Irvington is a neighborhood in the Northeast section of Portland, Oregon.  According to the city's Office of Community and Civic Life, it consists of a rectangular area extending east to west from NE 7th Ave. to NE 26th Ave., and north to south from NE Fremont St. to NE Broadway.  It borders the King, Sabin, and Alameda neighborhoods to the north; Alameda and Grant Park to the east; Sullivan's Gulch and the Lloyd District to the south; and Eliot to the west.  (The Sabin and Alameda neighborhoods extend into the northeastern part of Irvington, creating two areas of overlap.)

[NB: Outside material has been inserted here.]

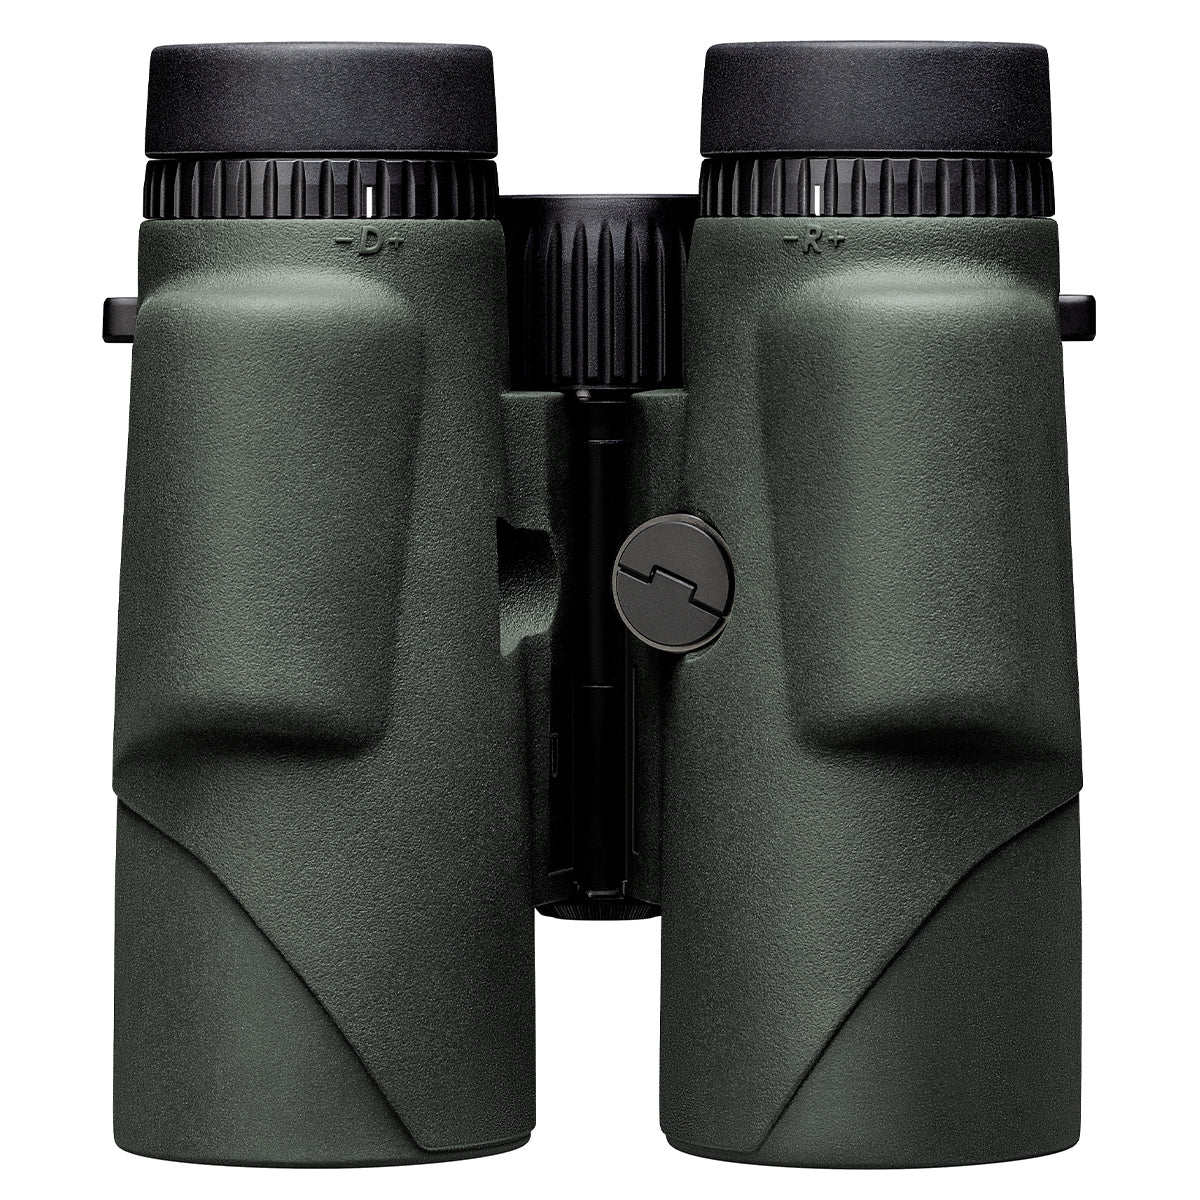 Vortex Fury HD 5000 AB Rangefinding 10x42 Binocular in  by GOHUNT | Vortex Optics - GOHUNT Shop

The neighborhood is distinguished by a number of large stately homes, often positioned on multiple or oversized lots.  The Irvington Community Association funds its activities by holding a well-attended tour of these homes each spring.

History
The Irvington Addition was platted in 1887 and underwent its initial development in the 1890s under the oversight of developer Ellis Hughes and the Irvington Investment Company.  The addition was planned as a self-contained middle to upper class residential district in which commercial activity was to be prohibited, so as to maintain property values.  After a period of nominal growth, development in Irvington began to slow due to competition from the Rose City Park and Laurelhurst developments, as well as the outbreak of World War I. The neighborhood was added to the National Register of Historic Places as the Irvington Historic District in 2010.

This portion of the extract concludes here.